I took inventory. My magic, my breath, the tension in my muscles. “Better. I’m not trembling anymore.” I gave a breathy laugh. “I feel . . . okay.”
Strangely, I meant it. My anxieties had lessened, and while I was tired, it wasn’t the bone-weary kind of tired I’d felt before we did our spell.
“Good,” he said, a rare smile ghosting his lips. “Working with your magic should feel right. If it doesn’t, if something inside you resists, you stop. Always.”
Then he closed his eyes, and I felt the way he swept his magic over the house. Each pass made the house a little warmer.
An uneasy emptiness filled me when Alastor and George left to question my attacker, so I searched for the ease I’d felt after Alastor and I had completed our protection spell.
My body fought a shudder as I looked around the house that had felt like a haven.
It’d taken only a few moments for that sense of safety to shatter.
And I felt it would take far less for me to follow suit and crumble.
Startling me, Hee-haw let out a loud bray as he stepped from the hallway into the living room. He gave me an annoyed glare before he settled in front of the fireplace with a loud huff.
Damn donkey. I was glad he’d stayed hidden, probably in the girls’ playroom, until the danger had passed .
The female lirio came into the house again.

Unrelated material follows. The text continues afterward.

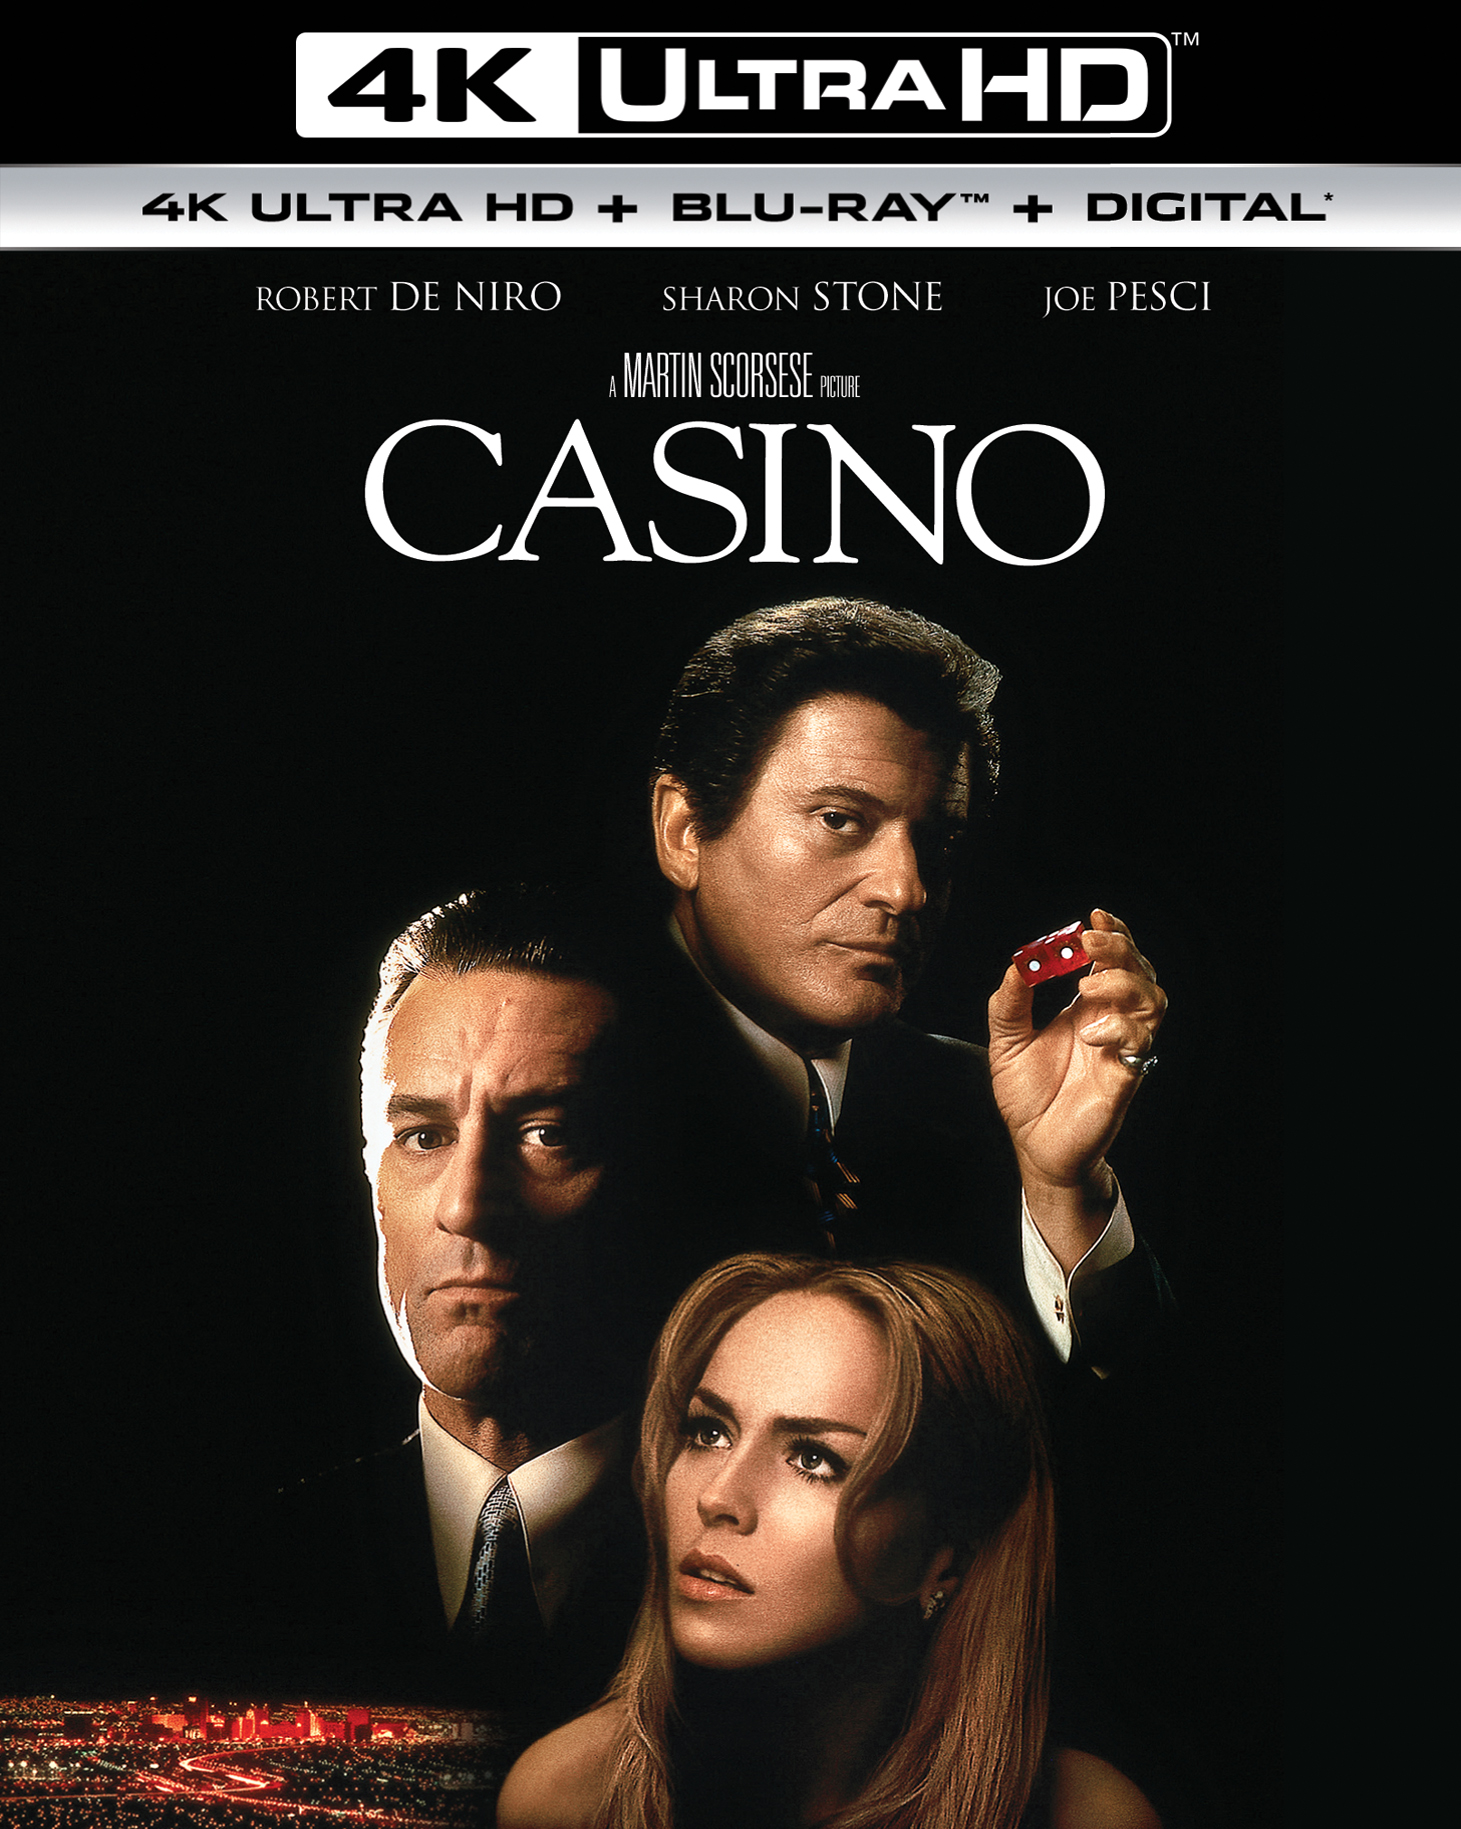 Casino 1995

She blinked at me, much the way Bon did when our conversations turned serious.
“You should sit, Miss Teddy,” she told me. “I’ll do my best to clean up, and we’ll get someone to fix your door, but you should sit and rest.”
“The man I killed broke one of the bedroom windows,” I told her, my voice flat while I pointed toward the hallway.
She bowed her head. “Someone will tend to that too.”
Gratitude stuck in my throat and spilled in the way of tears.
Kieren touched my arm, his palm hot. I reached a hand to him, feeling how much his skin had warmed, and as we made our way to the couch, I took in his grayish complexion. When we sat on the couch, I grabbed the closest blanket and gave it to him before I brought my knees to my chest.
He took his time wrapping the blanket around himself, his movements slow and sluggish. When he leaned his head back on the cushion, I touched his cheek and then forehead. His skin burned as hot as it’d done before he drank the herbal tea. It worried me how quickly his fever returned.
“Why don’t you go to your room?” I said, my tone soft.
“I’d rather stay here with you if that’s okay.”
I edged to the other side of the couch and placed a small cushion beside me. “Lie down.” I patted the cushion.
He did, bringing the covers with him and tucking the end close to his chin. I ran a hand through his hair.
“Thank you for what you did,” I said. “If you hadn’t thrown your dagger through his hand . . .” I shook my head.
He blinked up at me, a small smirk on his lips. “I’m not the one who used my body as a shield. Wait until Aidas hears you have a new favorite. ”
I snorted, tugging lightly on his hair. His chuckle sounded in my mind.
As he fell asleep, my mind whirled with all the possibilities of today. Of how things could’ve ended differently.
Kieren and I were safe and unharmed.
Were the babies okay? I held a hand to my stomach. Using my magic, I reached for them. Whether it was because I didn’t know what I was doing or simply that my magic couldn’t communicate in that way, I came back empty. God. ..was that normal? Should I be able to feel something with my magic?
I felt like I should. I shook the thought away, not wanting to cause my babies any more stress.